Congratulations on the Hackle and the marriage longevity. You should see if you can get a copy of this seasons Spin Off magazine they have a whole section in there on using a blending Hackle.


----------



## Pearl B (Sep 27, 2008)

Oh joy, a potentially new toy! I didnt even know there was such a thing.


----------



## lathermaker (May 7, 2010)

It's an older version of this one with a 4 pitch comb to go with it. Not new, but it does a good job. Mine uses regular 
C-clamps, not the nice wood & hook ones.

They call is a "blending hackle" but I've been using it to comb out clean locks, then diz those off into sliver roving.. It's just a big ole comb!


----------



## lathermaker (May 7, 2010)

WIHH; girl, you really are a hard core enabler! :hrm: I can see your points with eyes wide open. I like to spin EVERYTHING, from a slick as glass worsted, to a bumpy, lumpy, lofty art yarn....sigh....I think my next step is to see if I can borrow a carder to try it out....


----------



## Oma2three (May 5, 2012)

Let me tell you my daughter and I saw a drum carder at a fiber fest and thought how neat .so she went out and purchased one for me.Well I used it once.Found it to be pretty messy to use in the kitchen, no room in the craftroom (too much other stuff in there ) ,so it sits in the sunroom waiting to be put to work.really wished we could have borrowed one first.But then we tend to jump right in and be a bit compulsive SOOO my advice would be borrow one first and seehow you like it.


----------



## Marchwind (May 10, 2002)

A LOT depends on the brand you get also. The chain drive careers tend to be a bit easier to use, crank. If you over load any of them you will tend to make it difficult if not impossible to crank besides you can break it. As for the mess, yep they can be messy but that is part of their job, they will get out a lot of VM and dirt so have it in an area that is easy to clean.

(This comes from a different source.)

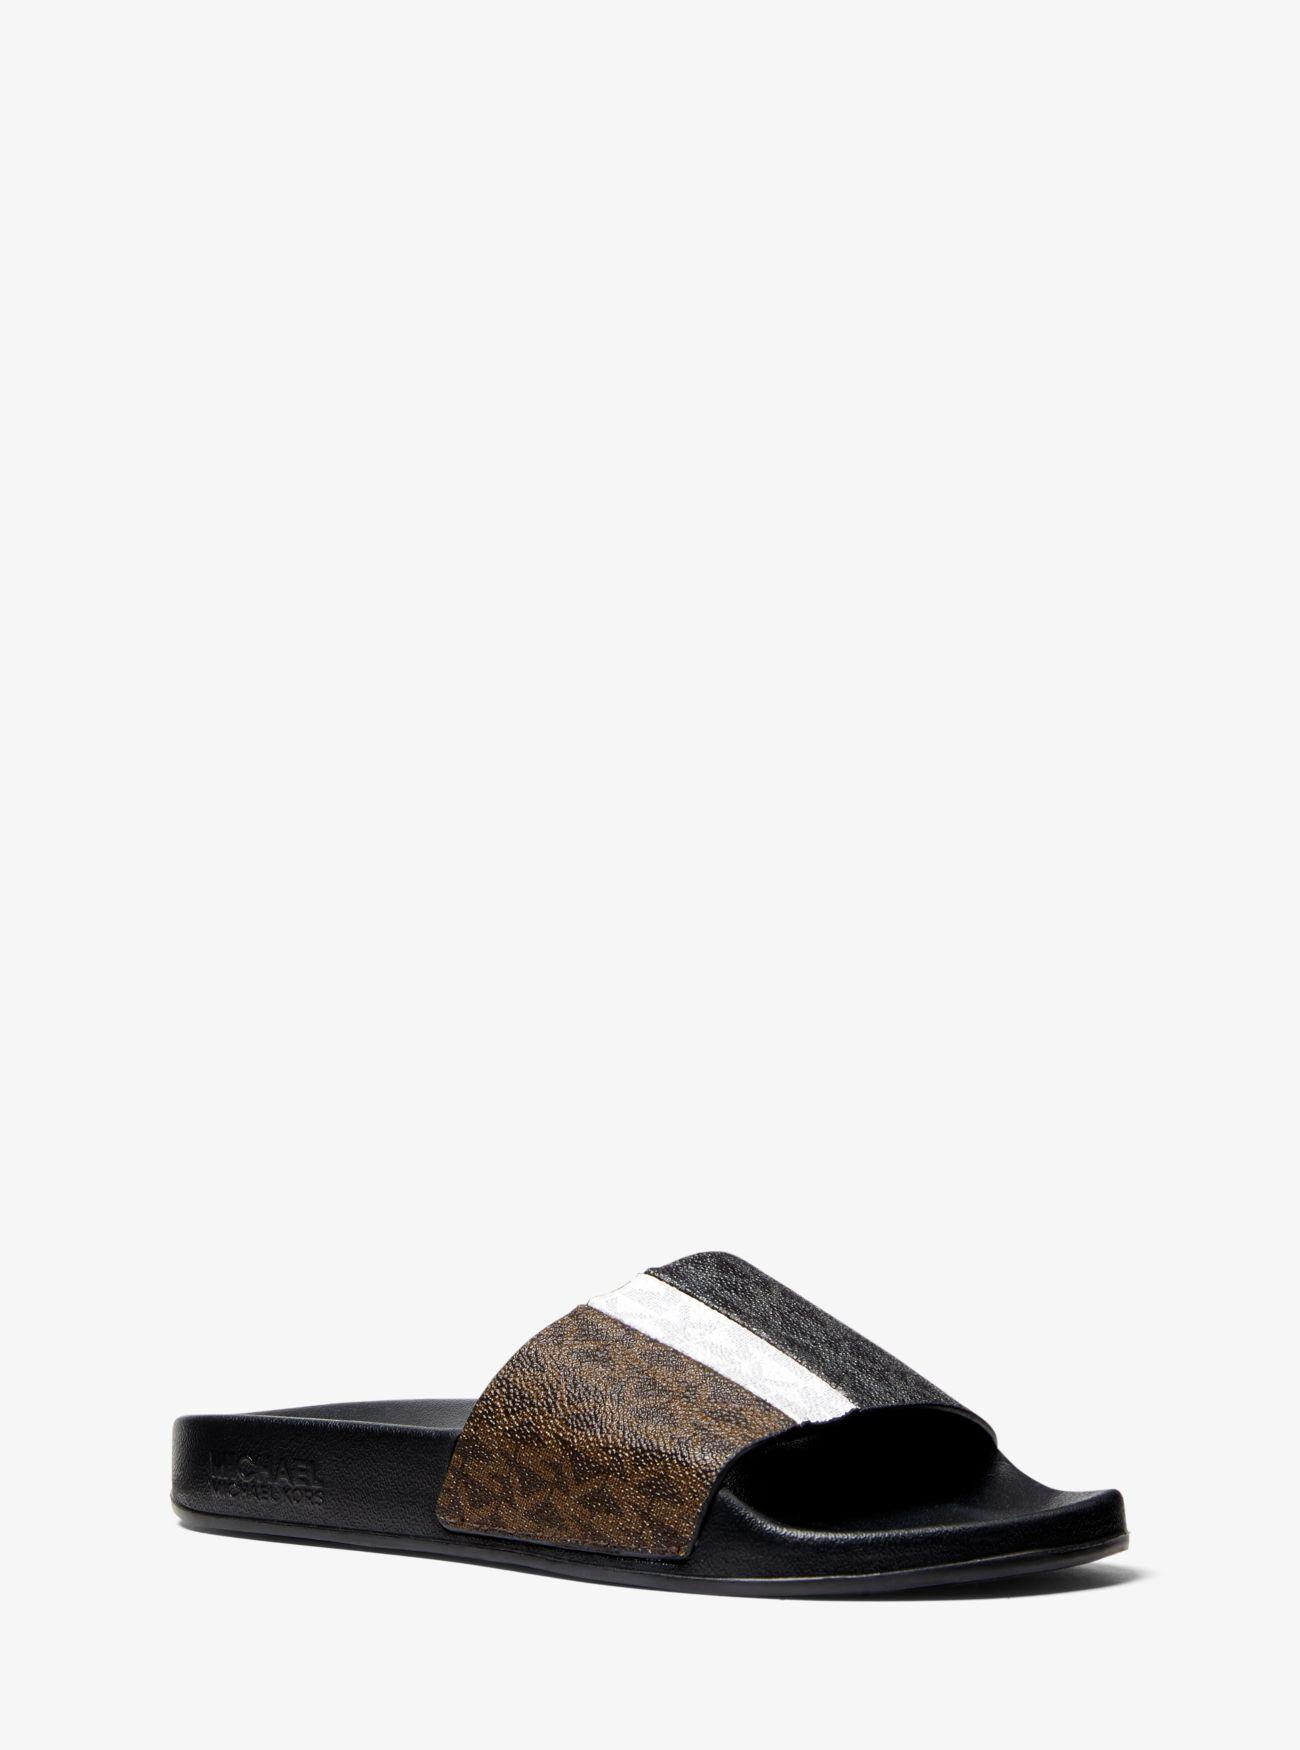 6c0fddb87 Lyst - Michael Kors Ayla Color-block Logo Slide Sandal - Save 25%
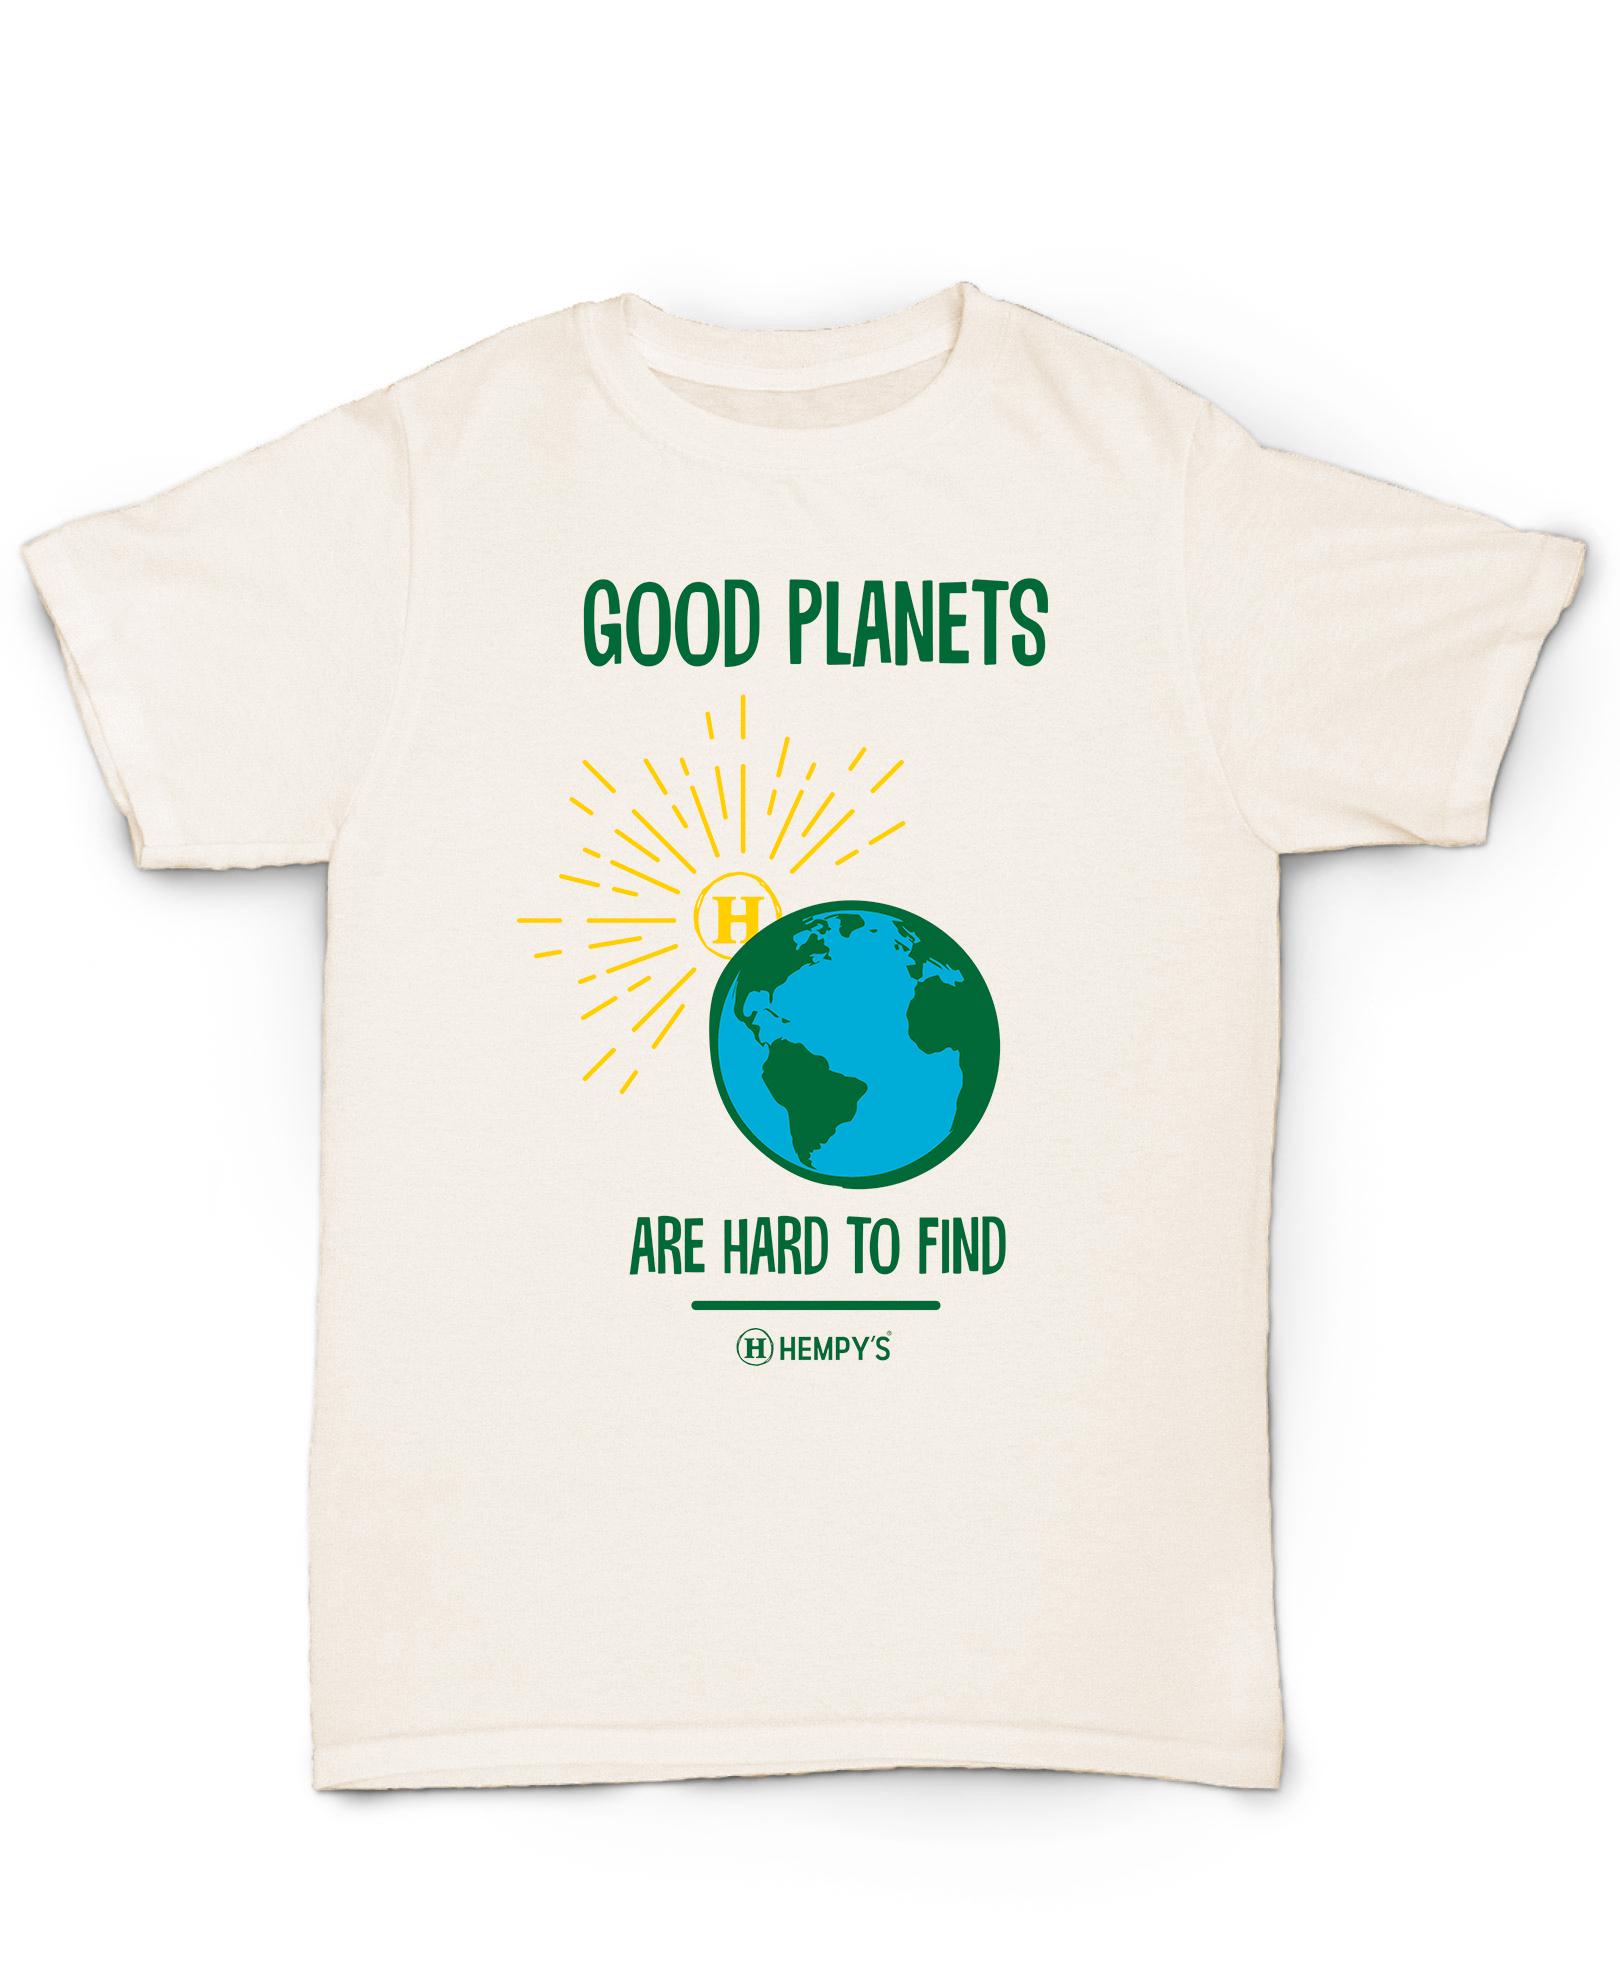 Hemp T Shirt  HEMPY'S  Good Planets

I love my drum carder especially for big projects. I cannot imagine you would find a drum carder harder on your body than hand cards.

Oma2three maybe you would consider selling yours to Lathermaker?


----------



## Oma2three (May 5, 2012)

Well selling it sounds like a good idea,but since it was a gift from my duughter I will not do that. Besides we have bags and bags of fiber to be done,Ill just have to wait and do it out on the deck.Hopefully it won't be as hot next year,since I don't tolerate heat that well.


----------